Forward-looking statements involve inherent risks and uncertainties, and important factors (many of which are beyond the Company’s control) that could cause actual results to differ materially from those set forth in the forward looking statements, including the following: changes in crude oil and natural gas prices; the pace of drilling and completions activity on the Company’s properties and properties pending acquisition; the Company’s ability to acquire additional development opportunities; potential or pending acquisition transactions; the Company’s ability to consummate its recently announced acquisition, the anticipated timing of such consummation, and any anticipated financing transactions in connection therewith; the projected capital efficiency savings and other operating efficiencies and synergies resulting from the Company’s acquisition transactions; integration and benefits of property acquisitions or the effects of such acquisitions on the Company’s cash position and levels of indebtedness; changes in the Company’s reserves estimates or the value thereof; disruptions to the Company’s business due to acquisitions and other significant transactions; general economic or industry conditions, nationally and/or in the communities in which the Company conducts business; changes in the interest rate environment, legislation or regulatory requirements; conditions of the securities markets; the Company’s ability to raise or access capital; changes in accounting principles, policies or guidelines; financial or political instability, acts of war or terrorism, and other economic, competitive, governmental, regulatory and technical factors affecting the Company’s operations, products and prices; and the COVID-19 pandemic and its related economic repercussions and effect on the oil and natural gas industry. Additional information concerning potential factors that could affect future financial results is included in the section entitled “Item 1A. Risk Factors” and other sections of the Company’s Annual Report on Form 10-K for the fiscal year ended December 31, 2019 and the Company’s Quarterly Report on Form 10-Q for the fiscal quarters ended March 31, 2020, June 30, 2020 and September 30, 2020, as updated from time to time in amendments and subsequent reports filed with the SEC, which describe factors that could cause the Company’s actual results to differ from those set forth in the forward looking statements.

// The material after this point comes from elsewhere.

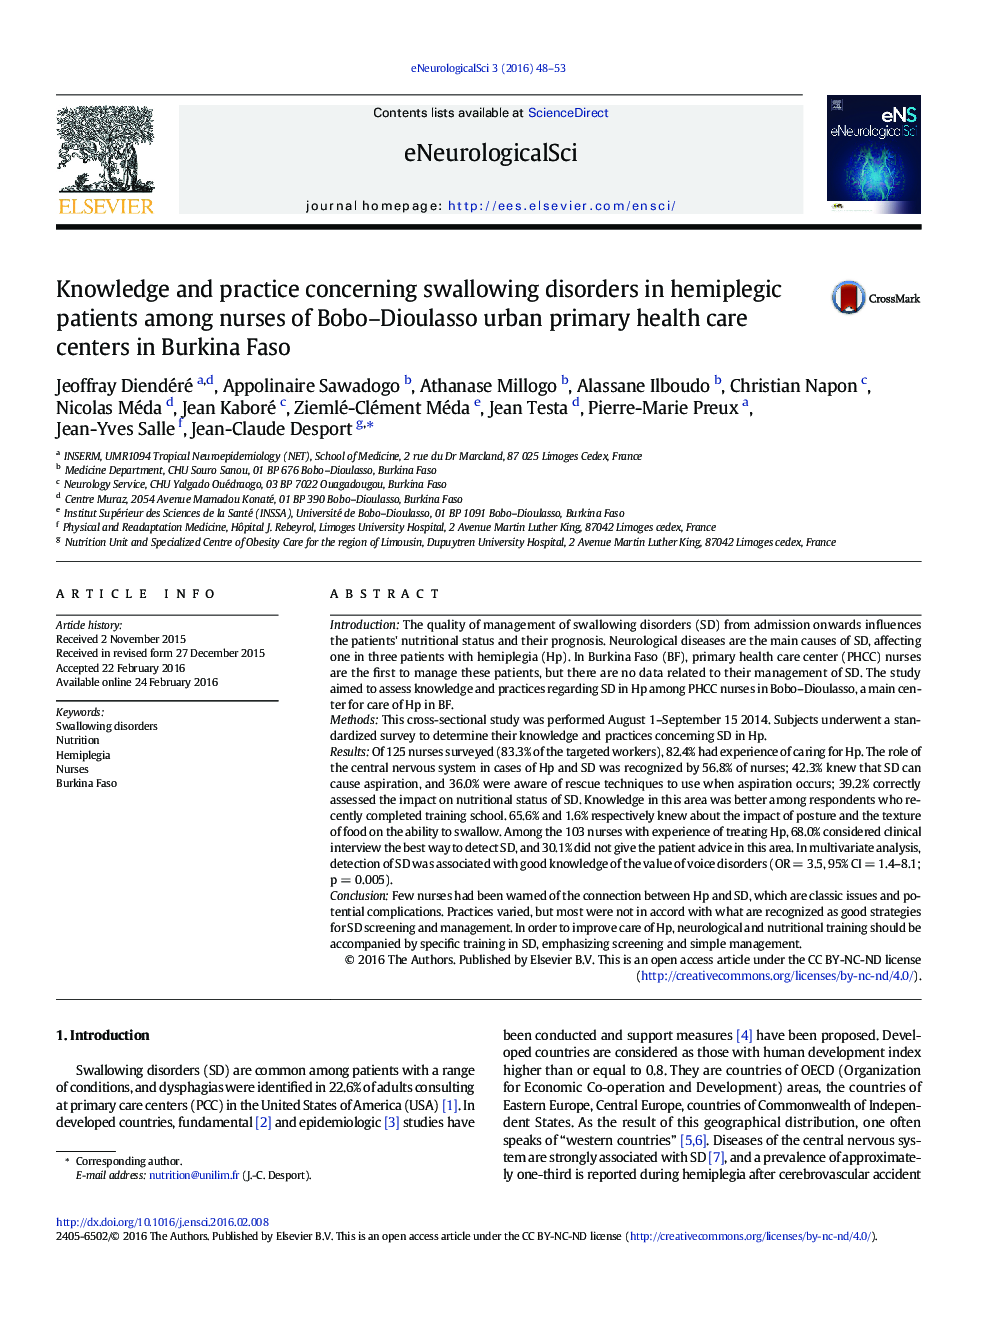 Knowledge and practice concerning swallowing disorders in hemiplegic patients among nurses of Bobo–Dioulasso urban primary health care centers in Burkina Faso

The Company has based these forward-looking statements on its current expectations and assumptions about future events. While management considers these expectations and assumptions to be reasonable, they are inherently subject to significant business, economic, competitive, regulatory and other risks, contingencies and uncertainties, most of which are difficult to predict and many of which are beyond the Company’s control. The Company does not undertake any duty to update or revise any forward-looking statements, except as may be required by the federal securities laws.